Expected: DVC pipeline executes in correct dependency order, only changed stages rerun, outputs cached efficiently, metrics tracked automatically, Git commits include dvc.yaml and dvc.lock.

On failure: Check script paths exist and are executable, verify dependencies specified correctly, ensure params.yaml keys match script usage, check for circular dependencies in pipeline, verify output paths writable, inspect script error messages in stderr, check Python environment has required packages.

Step 5: Share and Reproduce Data Versions

Enable team members to reproduce exact data versions.

bash

# Team member clones repository
git clone https://github.com/team/ml-project.git
cd ml-project

# Install DVC
pip install dvc[s3]  # or appropriate backend

# Configure remote (if not in .dvc/config)
dvc remote add -d storage s3://my-dvc-bucket/ml-project

# Pull all data
dvc pull

# Now have exact same data as original developer
ls data/
# raw/  processed/  splits/

# Reproduce pipeline
dvc repro

# Compare metrics to original
dvc metrics diff HEAD~1

Switch between data versions:

bash

# View data version history
git log --oneline -- data/raw/customers.csv.dvc

# Checkout previous data version
git checkout abc123 -- data/raw/customers.csv.dvc

# Pull that version's data
dvc checkout

# Compare data versions
git diff HEAD~1 data/raw/customers.csv.dvc

# Output shows MD5 hash change:
# -  md5: a1b2c3d4...
# +  md5: e5f6g7h8...

# Revert to latest
git checkout HEAD -- data/raw/customers.csv.dvc
dvc checkout

Branching workflow:

bash

# Create experiment branch
git checkout -b experiment/new-features

# Modify data pipeline
vim scripts/preprocess.py

# Add new features
dvc repro preprocess

# Commit changes
git add scripts/preprocess.py data/processed/features.csv.dvc
git commit -m "Add new feature engineering"
dvc push

# Compare with main branch
dvc metrics diff main

# Merge if successful
git checkout main
git merge experiment/new-features
dvc pull

Expected: git clone + dvc pull reproduces exact environment, data versions match across team, experiments isolated in branches, metrics comparable across versions.

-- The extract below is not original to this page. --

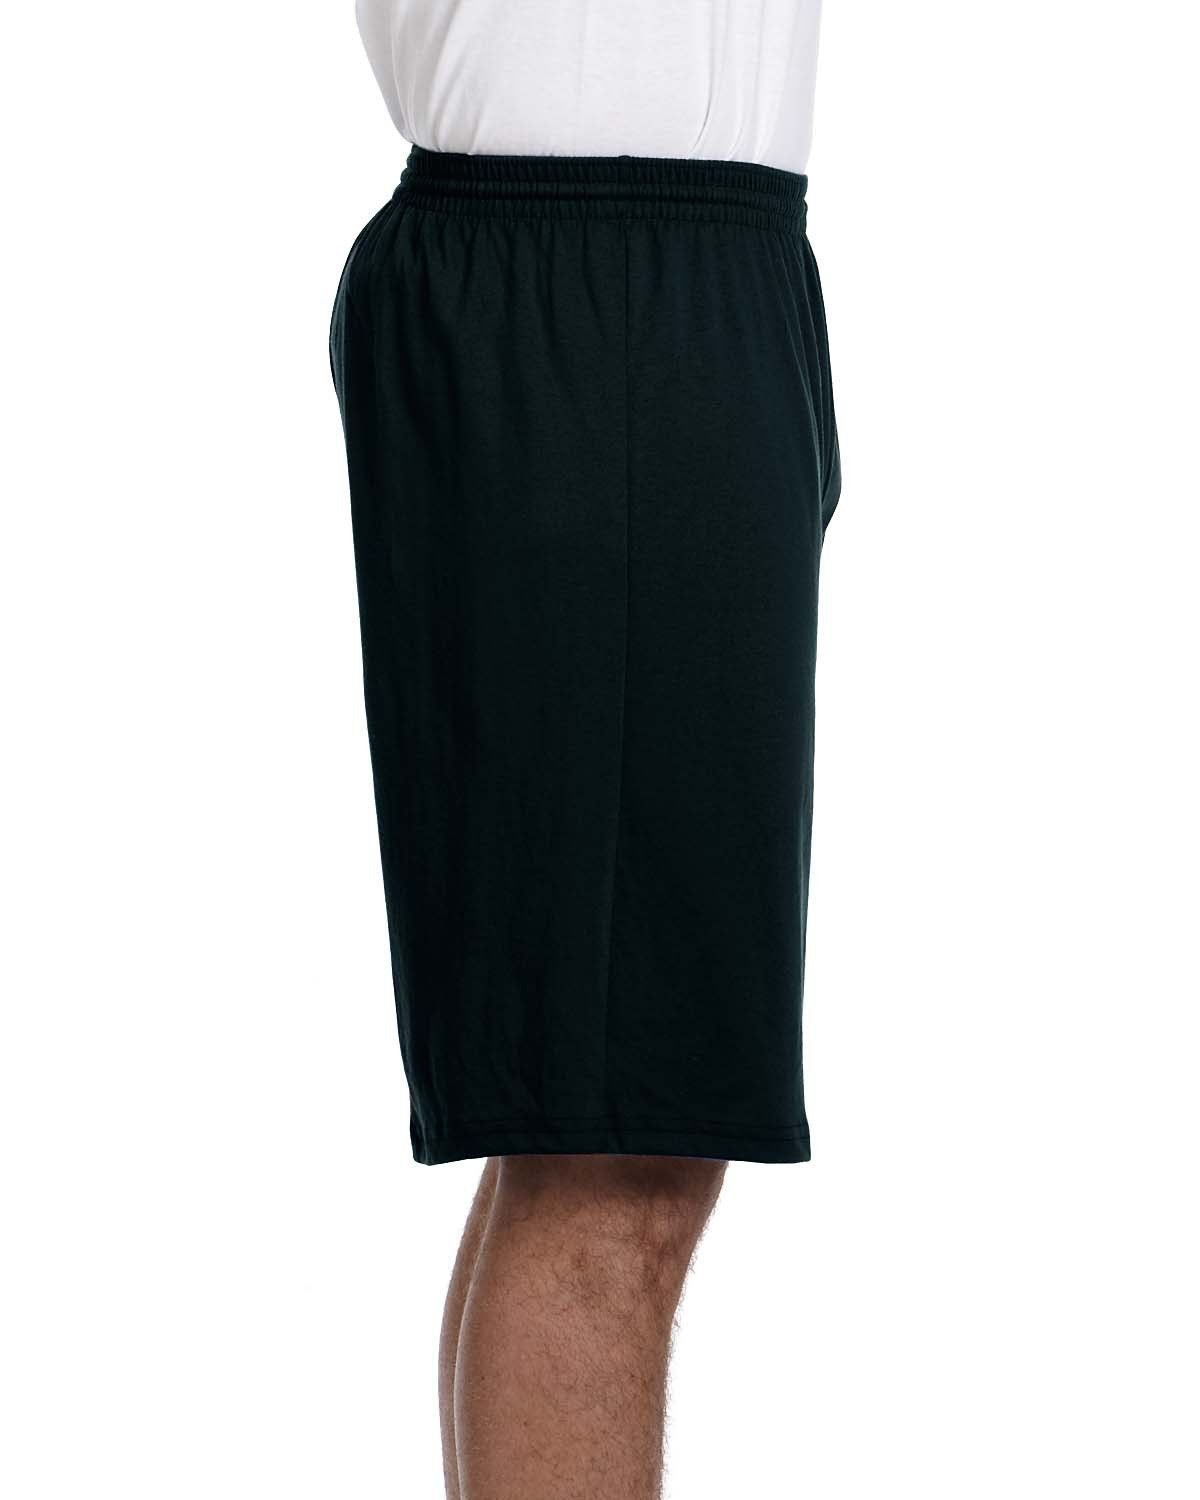 'Augusta Sportswear 915 Adult Longer-Length Jersey Short'

On failure: Verify remote access configured correctly, check credentials for new team members, ensure all .dvc files committed to Git, verify dvc.lock tracked by Git (pins exact versions), check network bandwidth for large pulls, verify storage backend has all referenced cache files.

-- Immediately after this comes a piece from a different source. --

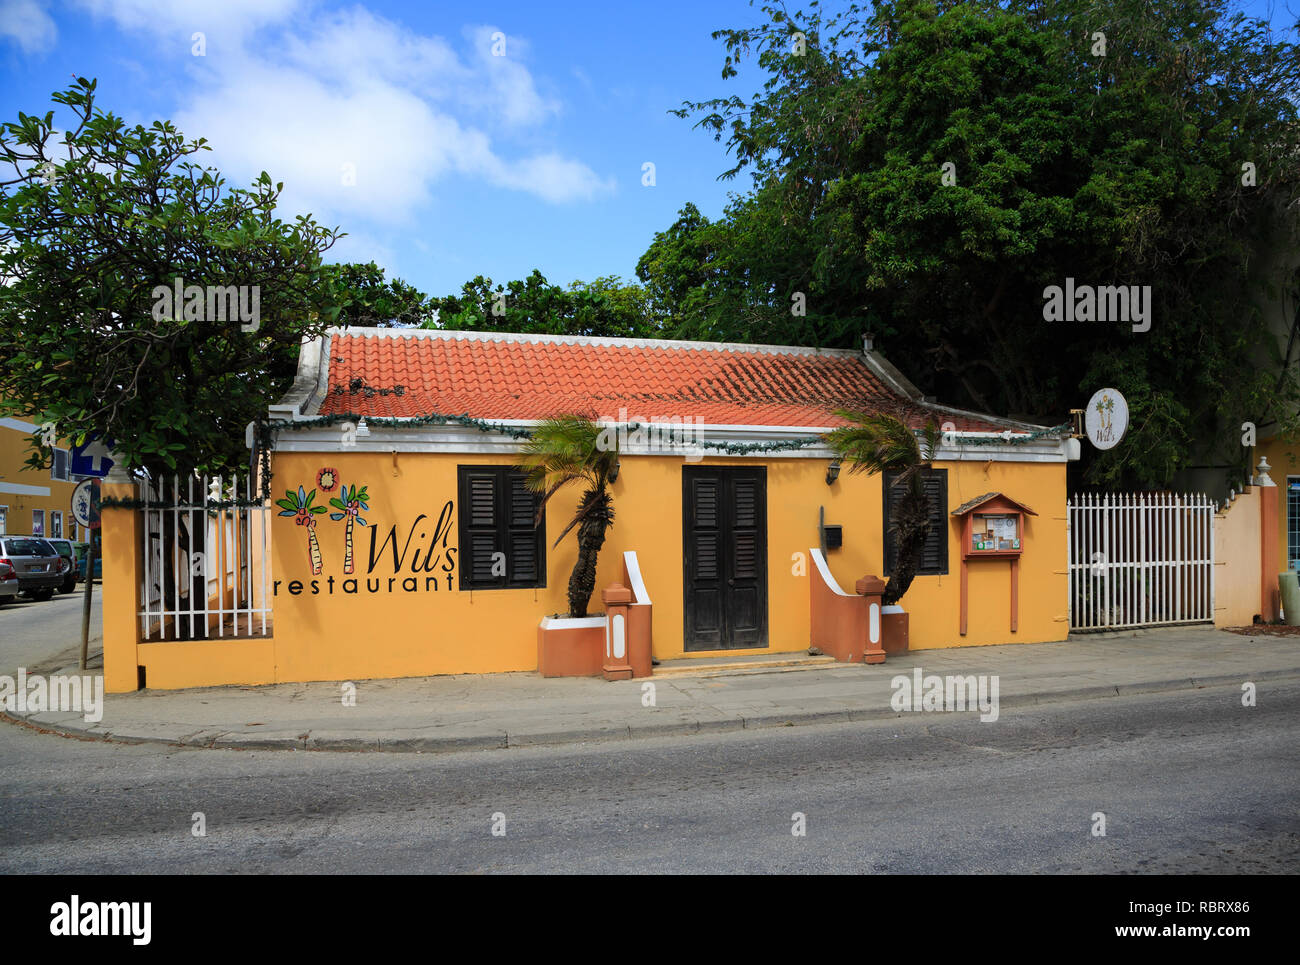 Ristorante Wils in Bonaire Foto Stock

Step 6: Integrate with MLflow and CI/CD

Connect DVC data versioning with experiment tracking and automation.

python

# train_with_mlflow.py
import mlflow
import dvc.api
import pandas as pd
from sklearn.ensemble import RandomForestClassifier
from sklearn.metrics import accuracy_score, f1_score

# Get DVC-tracked data path and version
data_path = "data/splits/train.csv"
data_url = dvc.api.get_url(data_path)
data_version = dvc.api.get_version(data_path)

# Load data
df = pd.read_csv(data_path)
X = df.drop("label", axis=1)
y = df["label"]

# Track with MLflow
with mlflow.start_run():
    # Log DVC metadata
    mlflow.log_param("data_version", data_version)
    mlflow.log_param("data_url", data_url)
    mlflow.set_tag("dvc_tracked", "true")

    # Log DVC params
    params = dvc.api.params_show()
    mlflow.log_params(params["model"]["hyperparameters"])

    # Train model
    model = RandomForestClassifier(**params["model"]["hyperparameters"])
    model.fit(X, y)

    # Evaluate
    predictions = model.predict(X)
    accuracy = accuracy_score(y, predictions)
    f1 = f1_score(y, predictions)

    mlflow.log_metric("train_accuracy", accuracy)
    mlflow.log_metric("train_f1", f1)

    # Log model
    mlflow.sklearn.log_model(model, "model")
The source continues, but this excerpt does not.